Thursday, June 17, 2010

A Soviet-like demise on the horizon?

Mikhail Gorbachev, 1987

Tom Engelhardt is one of the best at providing badly-needed critical perspective on United States foreign and military policy. But his Call the Politburo, We’re in Trouble: Entering the Soviet Era in America TomDispatch 06/15/2010 doesn't quite measure up to his usual standard.

The USSR had been heading for the exits for quite a while, not that official Washington had a clue. At the moment it happened, Soviet "experts" like Secretary of Defense Robert Gates (then director of the CIA) still expected the Cold War to go on and on. In Washington, eyes were trained on the might of the Soviet military, which the Soviet leadership had never stopped feeding, even as its sclerotic bureaucracy was rotting, its economy (which had ceased to grow in the late 1970s) was tanking, budget deficits were soaring, indebtedness to other countries was growing, and social welfare payments were eating into what funds remained. Not even a vigorous, reformist leader like Mikhail Gorbachev could staunch the rot, especially when, in the late 1980s, the price of Russian oil fell drastically.

Looking back, the most distinctive feature of the last years of the Soviet Union may have been the way it continued to pour money into its military -- and its military adventure in Afghanistan -- when it was already going bankrupt and the society it had built was beginning to collapse around it. In the end, its aging leaders made a devastating miscalculation. They mistook military power for power on this planet. Armed to the teeth and possessing a nuclear force capable of destroying the Earth many times over, the Soviets nonetheless remained the vastly poorer, weaker, and (except when it came to the arms race) far less technologically innovative of the two superpowers. [my emphasis]
As a comparison to the US in 2010, this has some problems.
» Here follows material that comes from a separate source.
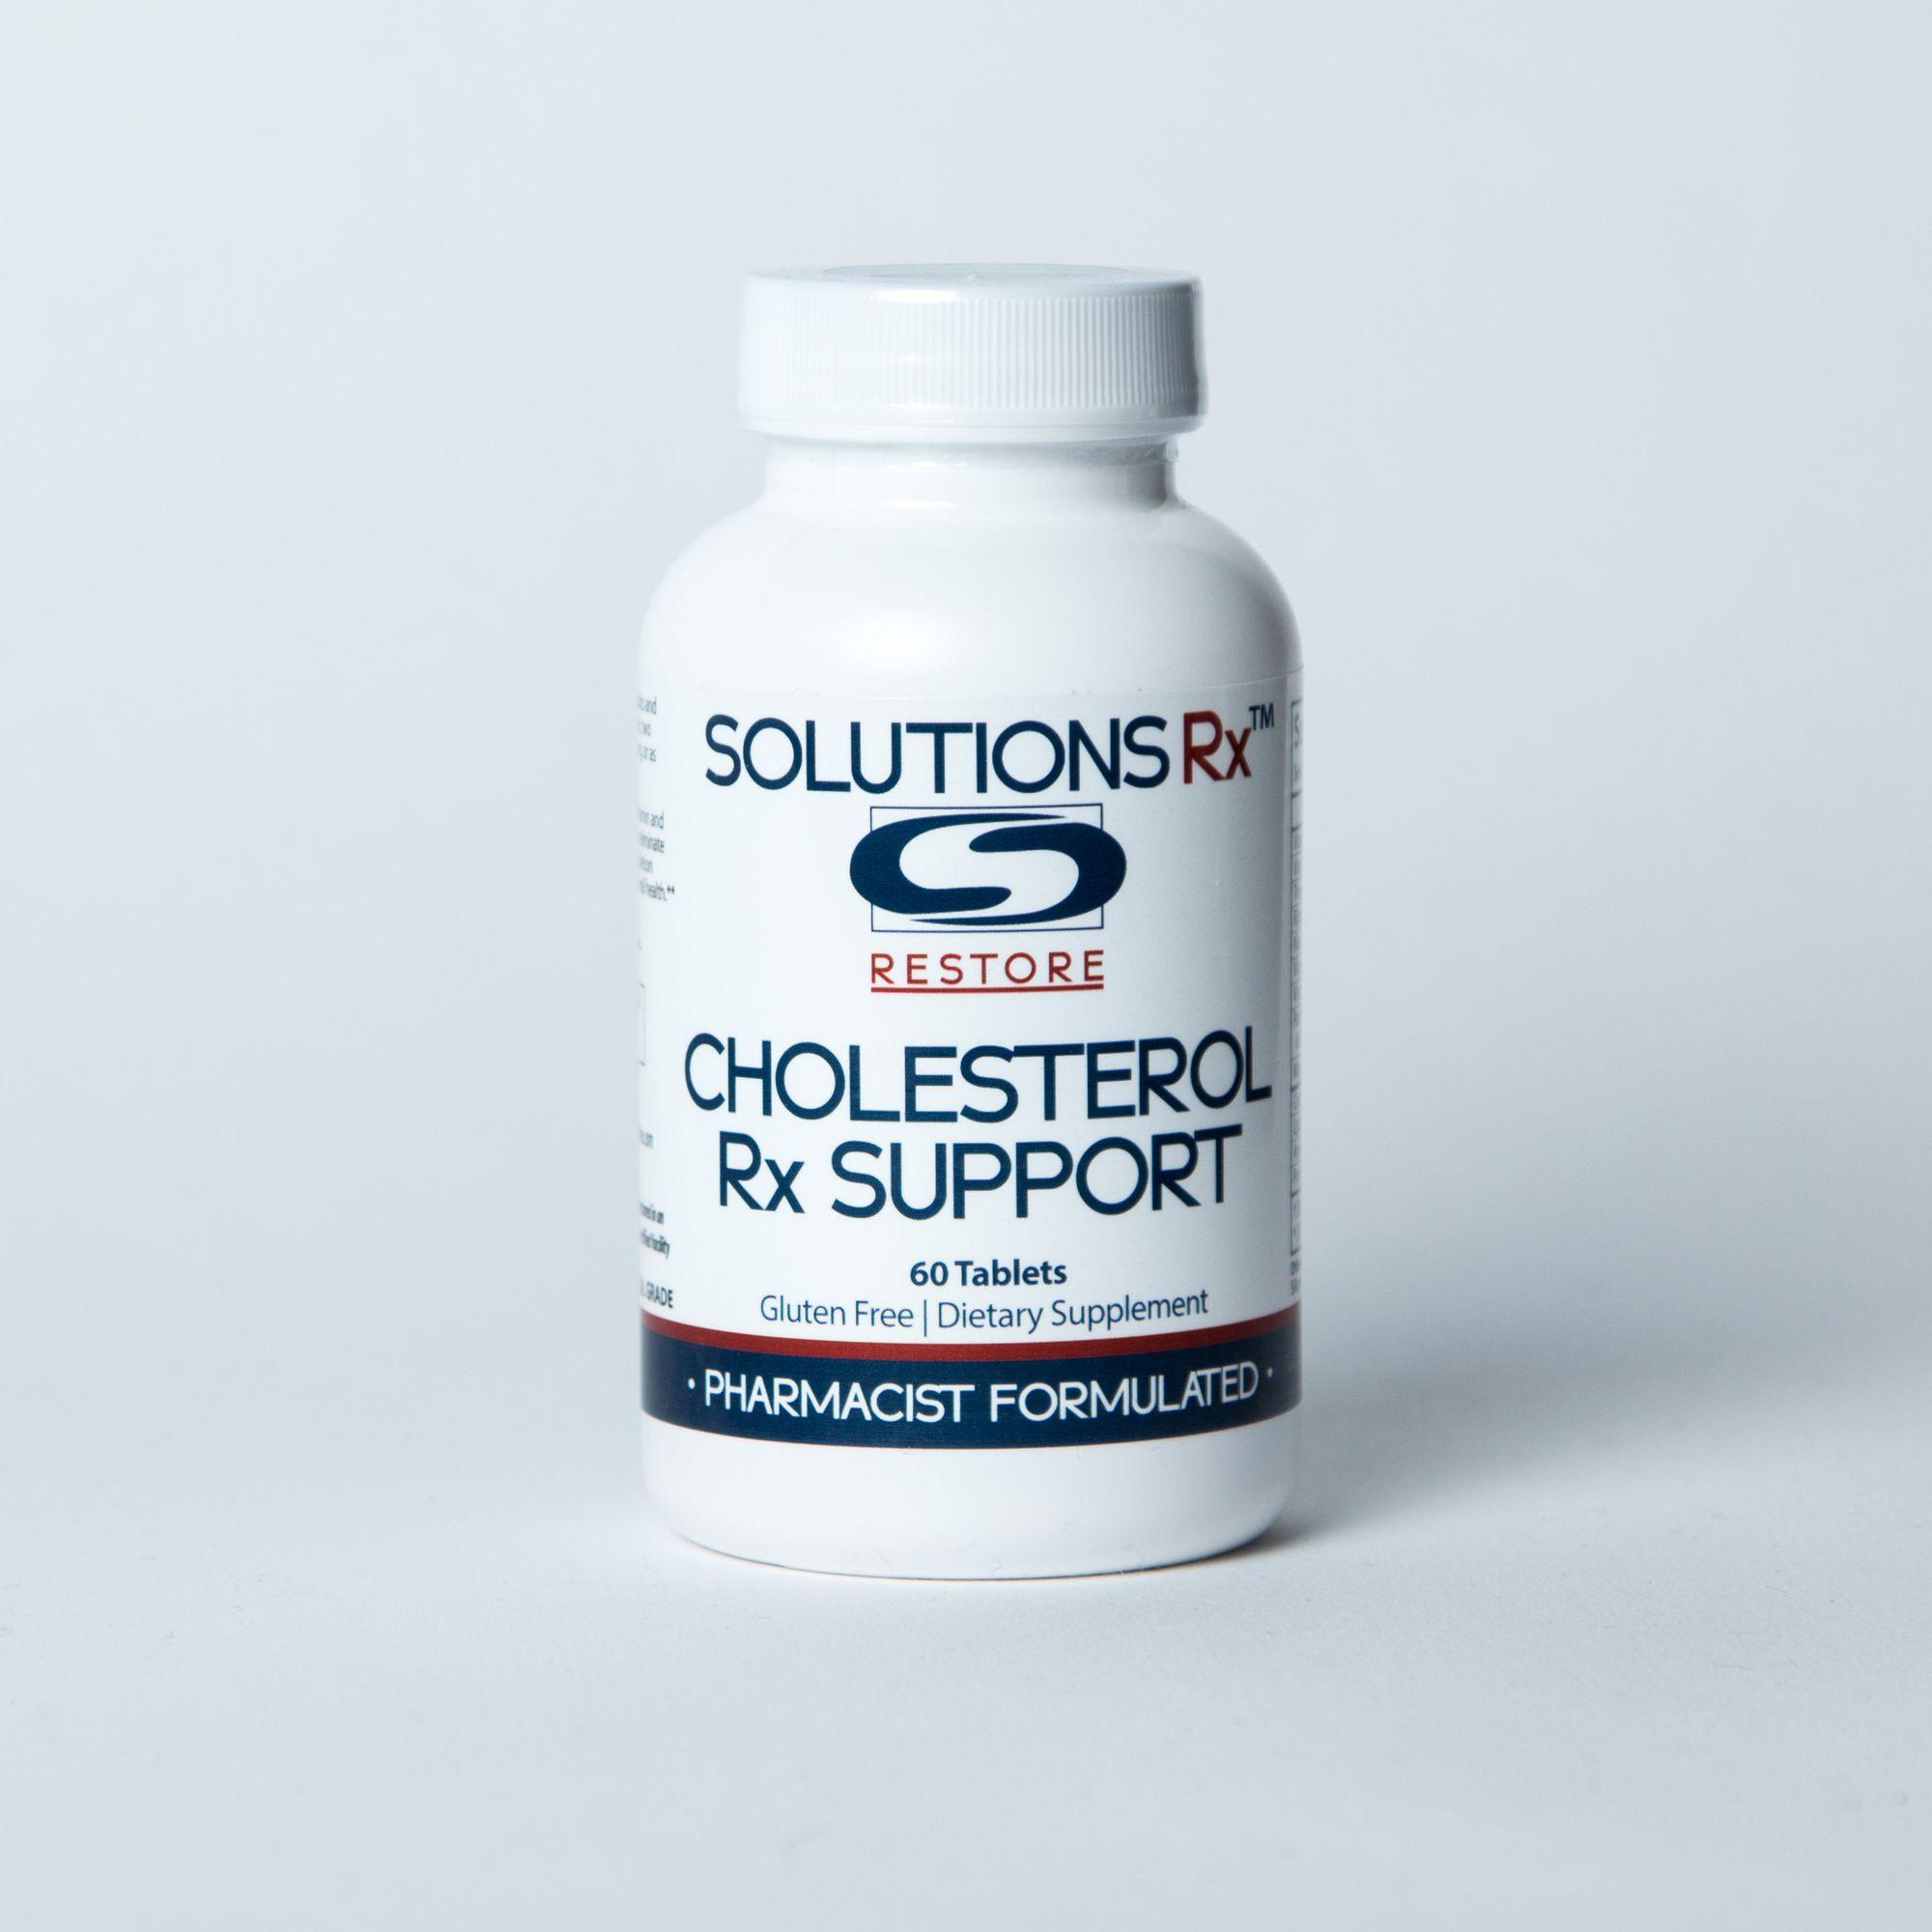 SolutionsRX_Cholesterol_Rx_Support_60ct.jpg

Whatever he means in saying that the Soviets' "sclerotic bureaucracy was rotting", I don't know what meaningful application such a description would have to our current governmental and political institutions. Their vision and imaginations may be severely impaired. But they did manage to pull the national and world economy back from the precipice of a second Great Depression in 2008-9. The fact that they are more focused on comforting the comfortable, especially the already very comfortable, shows they have bad priorities, but not hardening of the arteries.

The US economy isn't tanking, though it's seriously ailing at the moment. I don't see any reason to assume that it faces problems comparable to those of the Soviet bloc in the 1980s.
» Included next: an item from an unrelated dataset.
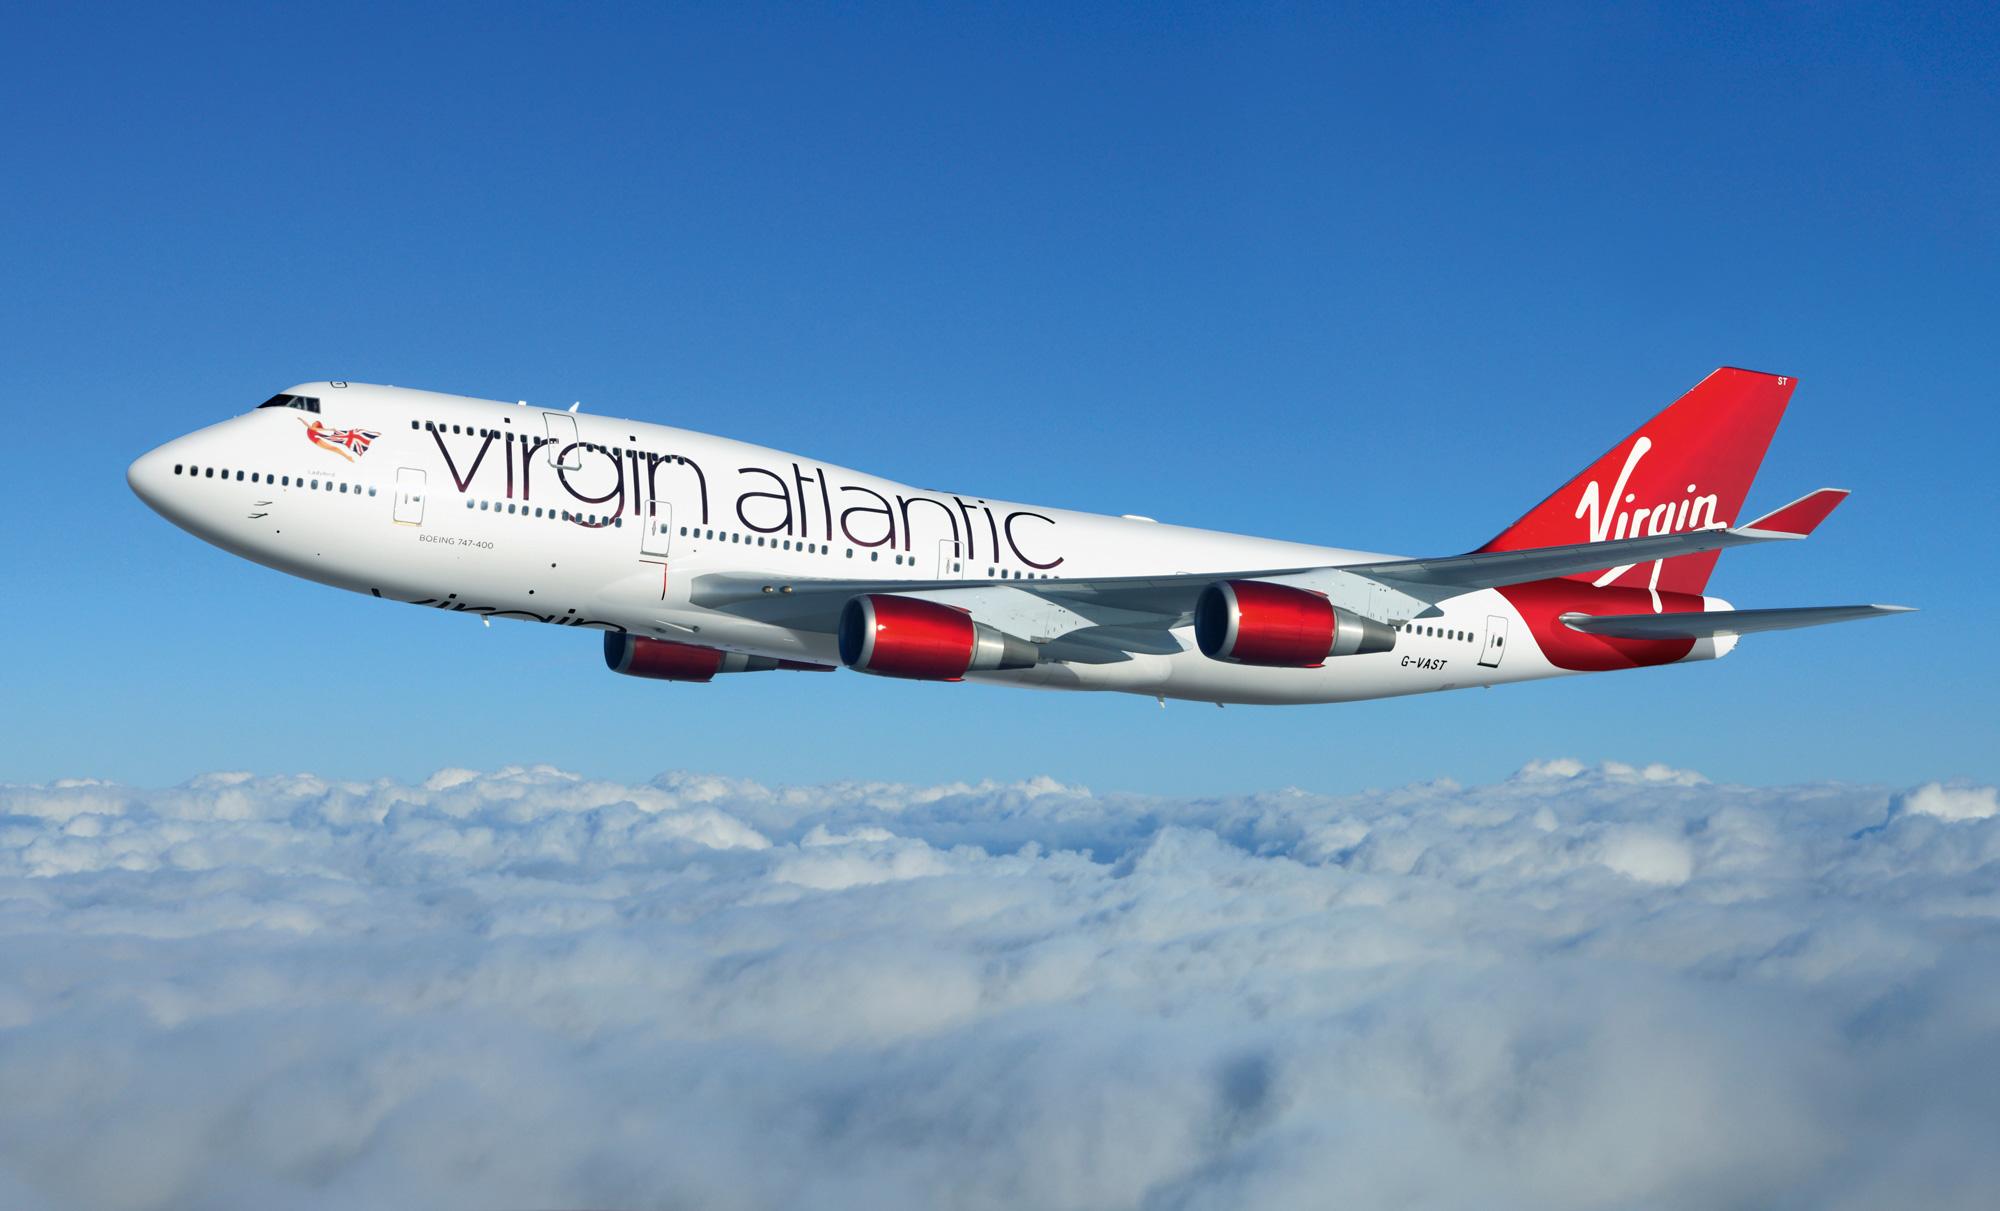 Virgin Atlantic's next generation Airbus is now on sale

Our budget deficits are soaring, but that's a good thing in the current economic situation.

Our foreign indebtedness is growing, but so what? It presents no danger to the US economy in itself.

And the problem of "social welfare payments ... eating into what funds remained," well, I wish we had a lot more of that problem.

He does provide some provocative observations about the course of Obama's foreign and military policies. but Engelhardt's Soviet comparison in this article is more of a literary device than actual analysis. This, for instance, isn't bad in that context:

Drunk on war as Washington may be, the U.S. is still not the Soviet Union in 1991 -- not yet. But it’s not the triumphant “sole superpower” anymore either. Its global power is visibly waning, its ability to win wars distinctly in question, its economic viability open to doubt. It has been transformed from a can-do into a can’t-do nation, a fact only highlighted by the ongoing BP catastrophe and “rescue” in the Gulf of Mexico. Its airports are less shiny and more Third World-like every year. Unlike France or China, it has not a mile of high-speed rail. And when it comes to the future, especially the creation and support of innovative industries in alternative energy, it’s chasing the pack. It is increasingly a low-end service economy, losing good jobs that will never return.
But then he follows it up directly with:

And if its armies come home in defeat... watch out.
Watch out for what? For angry veterans to storm the Winter Palace? For investment bankers and corporate lobbyists to lay down their checkbooks and all go to work for the Peace Corps?

Past experiences both in the US and in other parts of the world certainly show that rapid and widely-unexpected changes in the political landscape are possible. But they are also rare. And I just don't see the signs of the kind of "revolution by implosion" that took down the Soviet Union and the Eastern Bloc states in 1989-91.